On Wed, Mar 02, 2011 at 11:44:09AM -0800, Ping Cheng wrote:
> On Tue, Mar 1, 2011 at 5:55 PM, Peter Hutterer 
> <[email protected]>wrote:
> 
> > Following up on this, I just bumped the version in git to 0.10.99.
> >
> > New release versioning scheme until we settle on a stable 1.0:
> > - 0.x.99 is the version number in-between releases
> > - 0.x.99.901 is the first RC
> > - 0.x.99.902 is the second RC
> > - 0.x+1.0 is next the release
> >
> > Any version bump other than to .99 is coupled with a tag and a tarball so
> > users and distros can get the newest goodness easily. Note that this is the
> > same versioning scheme we use in X.Org, so I'm less likely to get it
> > confused ;)
> >
> > I'm planning for 901 on April 1st (yes, it'll be a hoot!) and then the
> > release soon after that, depending on the issues we see with the RCs.
> > Either
> > way, we'll have a 0.11 release early-April. That's about as precise as I
> > can
> > plan at this point :)
> >
> > For the time between 0.10.99.901 and 0.11 I won't merge any intrusive
> > patches, only stuff that fixes actual issues.
> >
> > Any comments or extra requests?
> >
> 
> Thank you for sharing the plan ahead of the release. I am fine with the plan
> as long as we have a plan.
> 
> I have a question about the definition of "stuff that fixes actual issues".

There's a blurry line as usual, but in general patches that are acceptable
are:
- documentation updates
- typo fixes and other fixes that don't change functionality
- patches that fix regressions
- patches that fix crashes and build errors 

Not acceptable:
- adding new features
- intrusive patches fixing old bugs
- UI changes

> You know I am still holding the workaround I made for fixing the hotplugging
> device enable/disable issue. Before we get a barrier from X server that
> tells us we are getting the last configured input device (are you plan to do
> that?), we can only work on one device at a time.
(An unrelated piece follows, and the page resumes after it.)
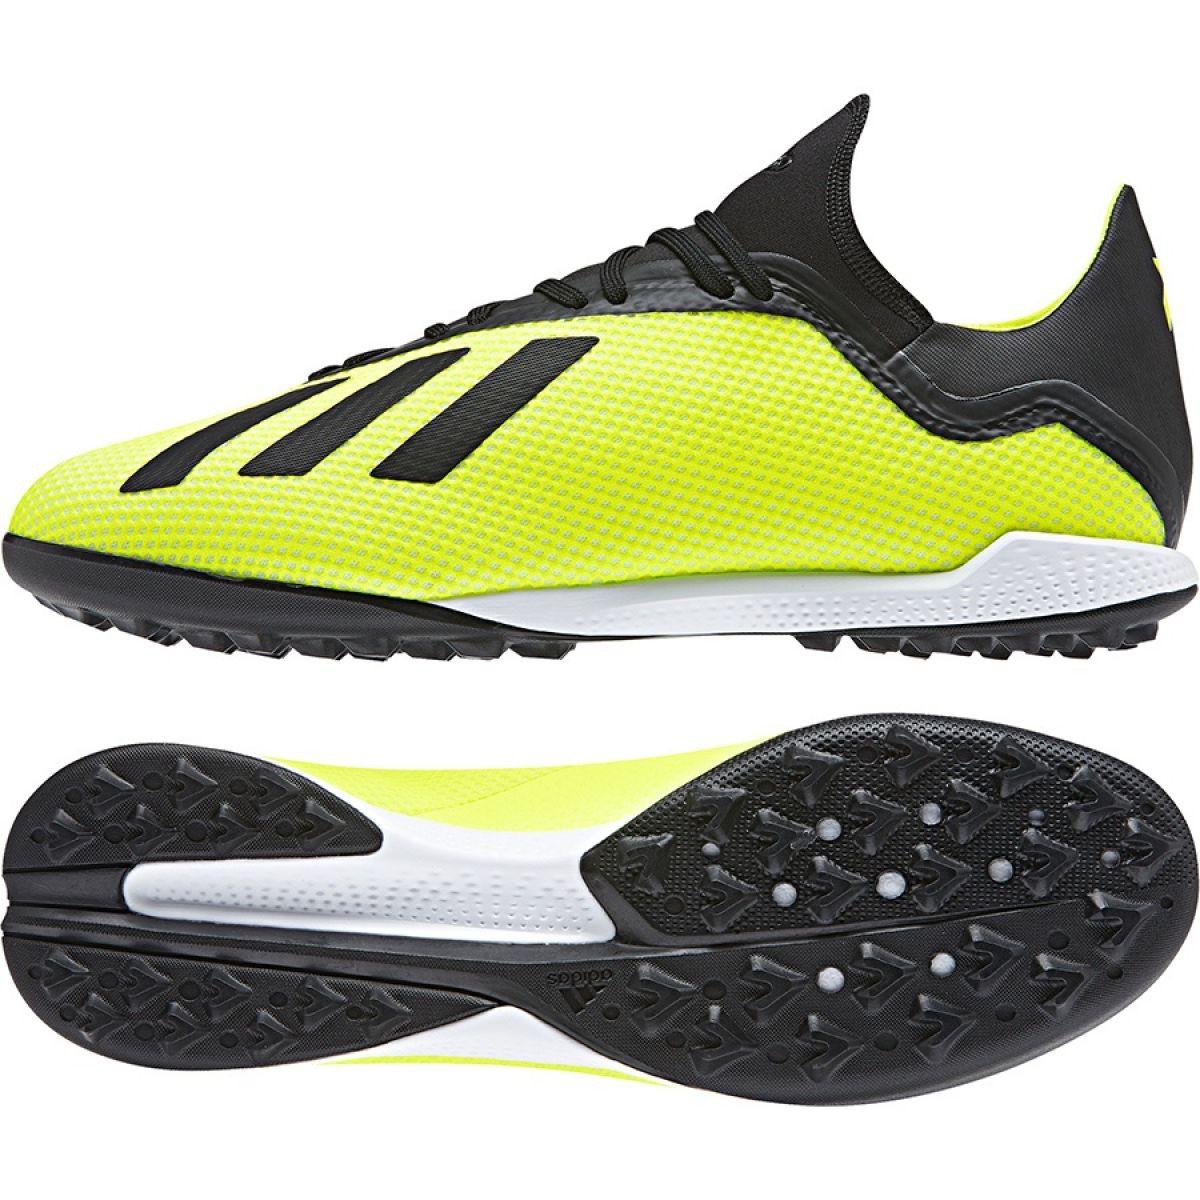 Chuteira Esportiva Adidas Conforto | Shoes4you

The X server doesn't really know about it either, at least not in the case of
hotplugging. For xorg.conf devices, that information is available (and I
think currently even accessible to the driver, though more by accident than
intention). Not sure what we can do in the server here, I'll have a look
though.

> I know if hotplugging is provided through udev, all tools could be added
> insider xf86-input-wacom, if all tools are configured with the same options.
> What about hotplugging based on HAL? Do we care about that case?

HAL-based hotplugging is identical to udev-based hotplugging. the only
exception is a HAL-trick we used in linuxwacom to let HAL fake up the
devices. we're not using that anymore though, at least not in
xf86-input-wacom. for our purposes, HAL and udev are the same (with the
exception of a few strcmps)

> So, basically, I need to know if you would consider that patch as fixing
> actual issues or not. It is not a perfect solution. But, there is not way to
> make it perfect without getting help from outside of the driver. It does
> narrow the race condition.

the problem with that patch was IIRC that it was based on some mistaken
assumptions. e.g. the refcounting was working completely different to what
you tried to do. so it was more a problem with the patch itself than
anything related to the release problem.